New military arrivals triggered faster Springs area economic growth in 2008
The arrival of additional troops at Fort Carson in recent years paid off in a big way last year as the Colorado Springs area economy grew during 2008 at the fastest rate in three years, even after adjustment for inflation, according to a new report.
The area’s economic output grew by 5 percent from the previous year to $24.1 billion, according to figures released Thursday by the U.S. Bureau of Economic Analysis. The growth rate is the fastest since 2005 and faster than either the state or national averages. Economic output is the value of goods and services generated in the local economy and is calculated by the bureau for all 50 states and each of the nation’s 366 metropolitan areas.
The increased output shows the area’s economy headed in the opposite direction as nearly every other indicator, including unemployment, payroll job losses, city sales tax collections, housing construction and sales and new vehicle registrations.
After inflation, the area’s economic output grew last year by 3.2 percent, or nearly triple the rate of each of the previous two years, the bureau said. That compares with statewide output growth of 2.9 percent and nationwide growth of 0.7 percent, both after adjustments for inflation. When calculated on a per-person basis, the area’s inflation-adjusted output was up 1.6 percent, or more than twice the nationwide increase and seven times the increase in the statewide average.
The Bureau of Economic Analysis calculates the output data, which it calls gross domestic product, primarily from income statistics compiled by the U.S. Bureau of Labor Statistics. Data for 2009 and 2010 will be released in February 2011.
Gains in the Springs in output from professional and business services, a broad sector that includes military contractors, and government accounted for most of the output increases, growing by 13.2 percent and 4.7 percent, respectively. The bureau did not report output numbers for the area’s construction and manufacturing industries because it contained confidential information about individual companies, but output likely dropped in both sectors.

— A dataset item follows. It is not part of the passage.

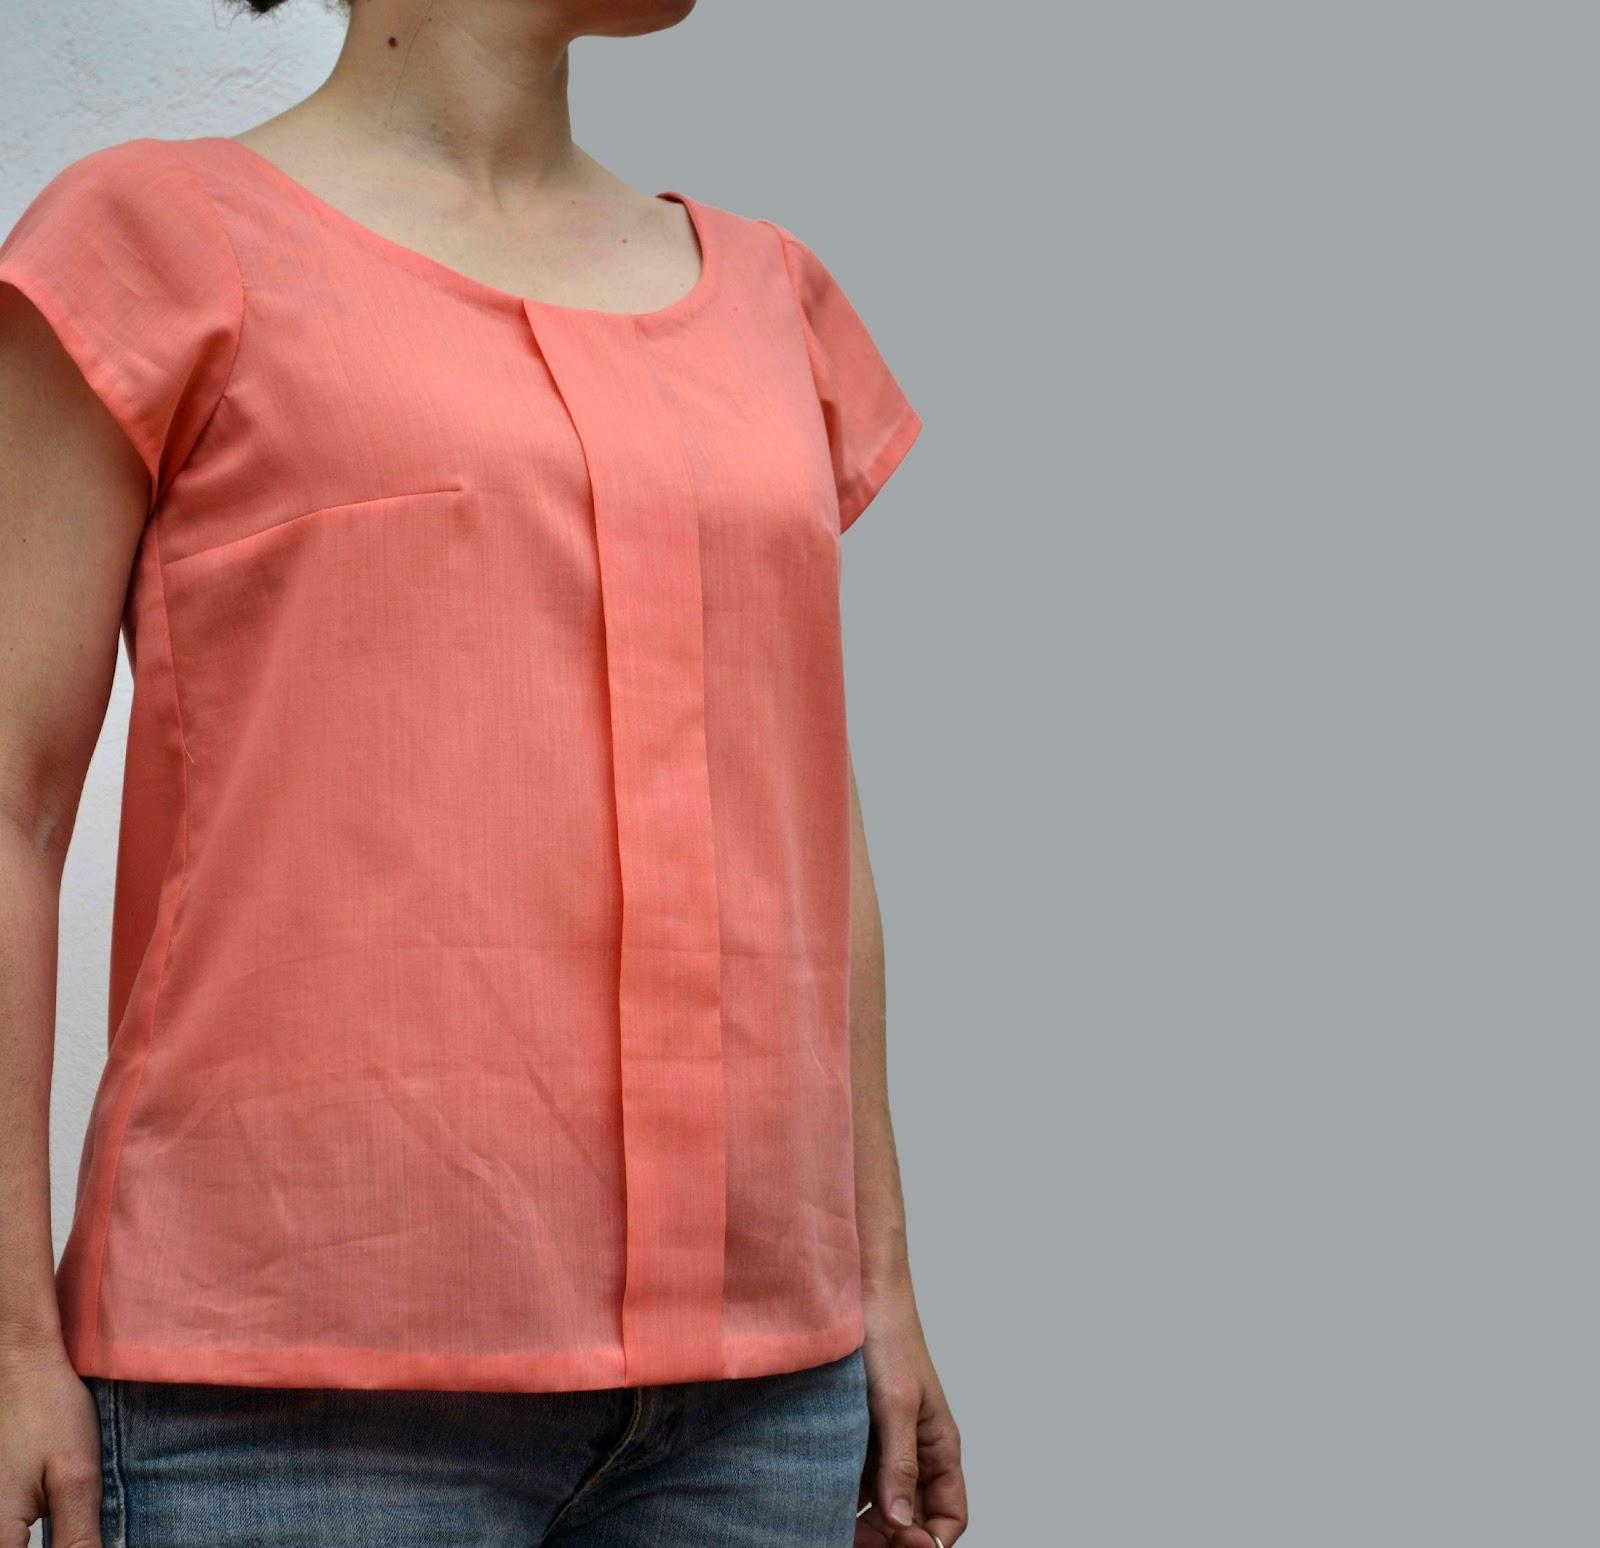 patrones para blusas de chifon   imagui

Fred Crowley, senior economist for the Southern Colorado Economic Forum, attributed most of the growth to troops moving to Fort Carson as part of a major expansion of the post in the past five years that has nearly doubled the amount of personnel stationed there. He said more gains are likely this year, reflecting the arrival of more than 6,000 troops as another brigade and headquarters unit moved to the mountain post from Food Hood in Texas.
Dave Bamberger of Bamberger & Associates, a local economic research and consulting firm, said he was skeptical of the increased economic output numbers for the Springs because they are headed in the opposite direction from other economic indicators.
“It seems like this is reflecting increased productivity, and that is good news but it doesn’t outweigh all of the bad news on the job front,” Bamberger said.
The Springs was 86th among the nation’s metropolitan areas in economic output, but 48th in inflation-adjusted growth. Grand Junction had the nation’s fastest-growing economy at 12.3 percent, largely as a result of oil and gas drilling. Five of Colorado’s seven metropolitan areas ranked in the top 50 in inflation-adjusted growth, including Fort Collins at 4.2 percent, Pueblo at 3.6 percent, Boulder at 3.2 percent and Denver at 2 percent.